Saturday in the Park . . . .

I have been pretty overwhelmed by life and responsibility.

Then, as if from on high (ok, via cell phone), comes a booming voice:

“I read your blogs.  I have a few comments:  Schmuck, you are 50. Count them, I will wait.  [No waiting time] Ok, I will bottom-line it for you.  50 years old.  Are you going to spend the next decade in the dumps?  Because your father will live that long.  You know he will —”

“But,” trying to get in a word, “there was AROB and ULOB and —-“

“Done.  They are gone.  It is hard to clean up after people who are dead.  But you are not hurting them by selling their stuff and doing whatever you have to do. It is a job.”

Pause.  I am trying hard not to shriek, “You don’t f&^*ing understand!  It has been toooooo much these past two years!!!” But I didn’t.

I did seethe, however.  And think about my martyrdom.  I felt sooooo self-righteous.  And then I remembered I was Jewish and there is no sainthood.

And, then, I thought:  Really, [Blogger]? Are you kidding me?

Martyrdom? 

MARTYRDOM? 

MARTYRDOM?

Do ya read the newspapers?  [NOW, I am calling myself, schmuck.]

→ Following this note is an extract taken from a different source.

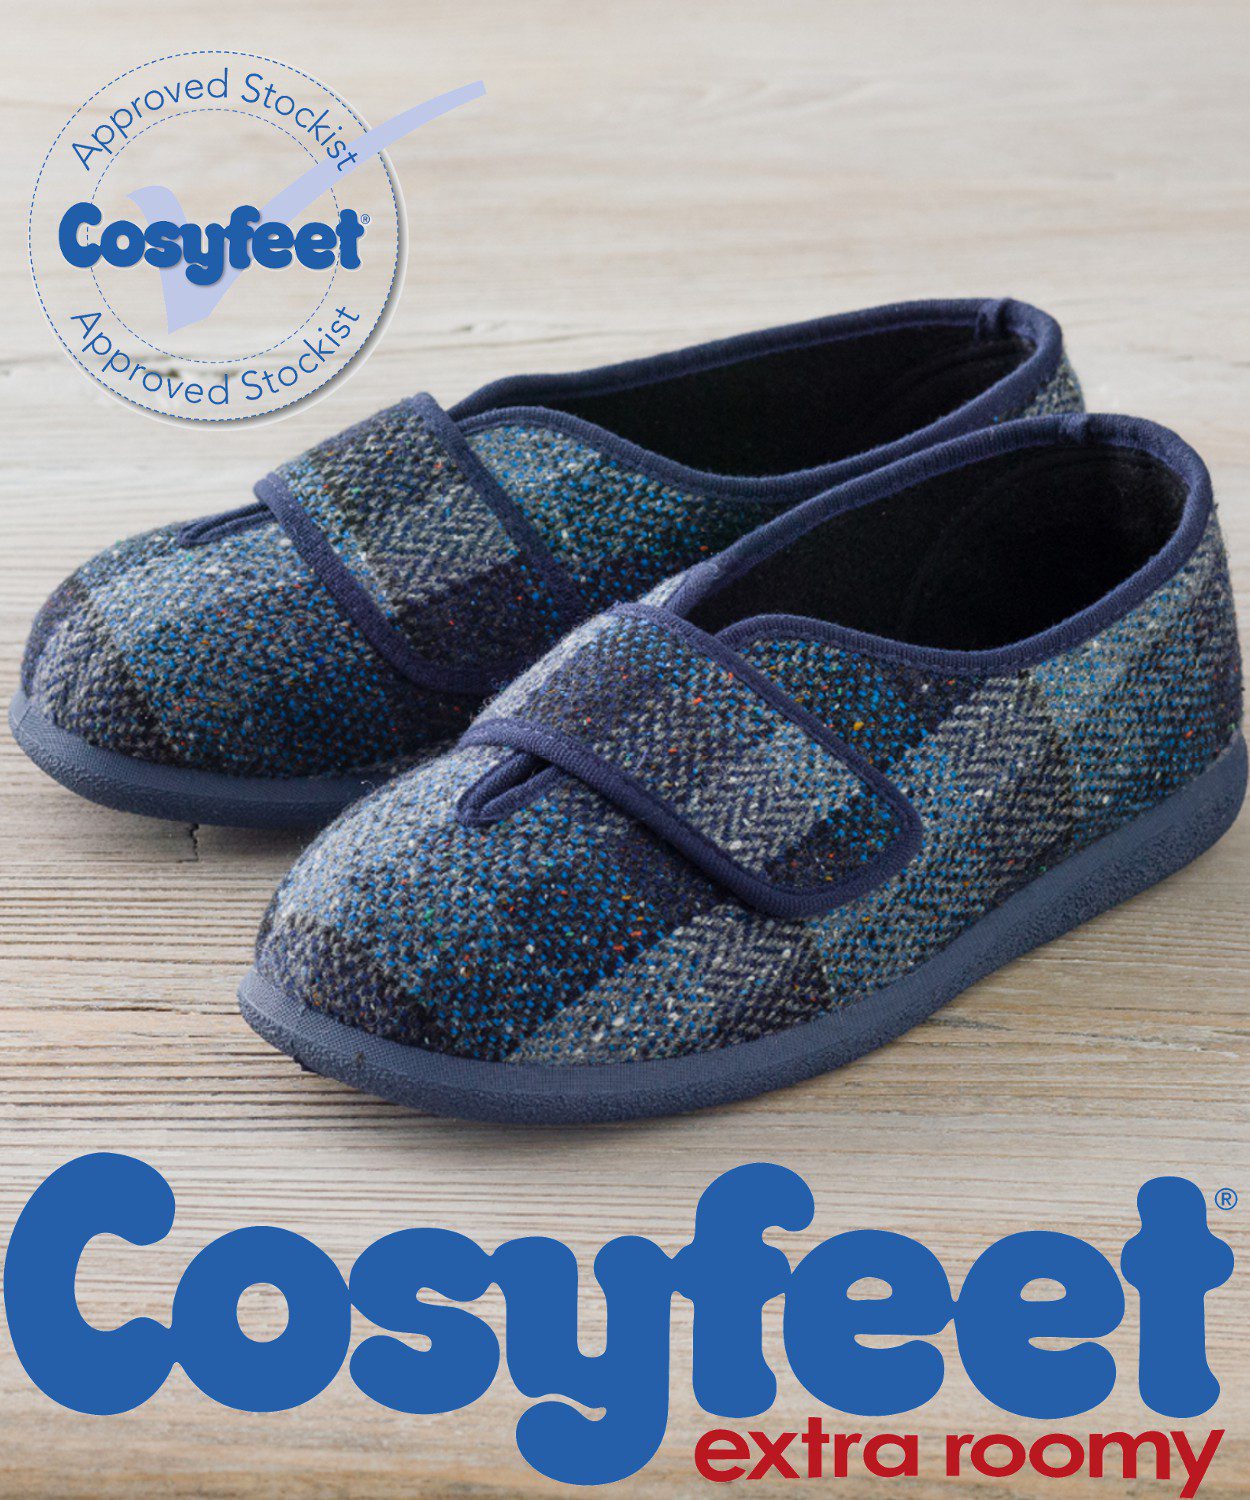 cosyfeet men's shoes

I stopped.  Mostly because I exhausted myself, even without uttering a word. And, I was letting stuff get me down which, if I stopped for a little perspective, is hard but so life-affirming.  I was getting stuck in a quagmire of details and legal issues and I forgot to be grateful for the lives my elders lived and my part in making those lives happy and secure at the most vulnerable times.

But, perspective can be tiresome and short-lived, especially if one is a self-indulgent, overly-consumptive New Yorker.  (Oops, that would be I.)

Still, even I couldn’t shake the idea that I need to think differently about a situation that isn’t going to change (until the BIG change).  Saturday was such a sunny beautiful day that it was hard to feel sad.

I decided walking to Dad’s house for lunch (at the you-know-where) was just the thing to put me in a good mood.

I walked the three or so miles there, through the city streets and Central Park.

It didn’t start out so well.

I heard a woman ranting at her boyfriend (possibly fiancé) about how much money he gives to his dead-beat dad.  The man didn’t even utter a word.  She just kept on responding to his unspoken answers.

I wanted to scream. Oh, please, shut up.  Did you ask what he gets out of it and what pain he avoids by doing this, even though you say he doesn’t want to give his dad money?

I heard two joggers disagree about whether helmets save lives.

Ok, thought for the day: it may or it may not, but what the hell, wear it.  I couldn’t hurt.

OK, this walk in the Park thing is — how shall I say it — no walk in the park.

Then, I heard one biker, who apparently had been cut off by another biker, yell, “Youw mothah is a man!!!” [English translation: your mother is quite unattractive.]

So unexpected in a City where, in fact, his mother could have transitioned from, or to, a man.  Such a throwback comment, ripped right from the urban playground where we born-and-bred New Yorkers cut our teeth in the 1960s and 70s.

I don’t know why, but I laughed so hard.  Maybe because it was a different kind of nostalgia — ludicrous one and so out-dated.  And the laughter made the sun felt brighter and warmer.  And I hummed all the way to Dad’s house, even skipping a little.

I think I will try to walk to Dad’s as many times as I can.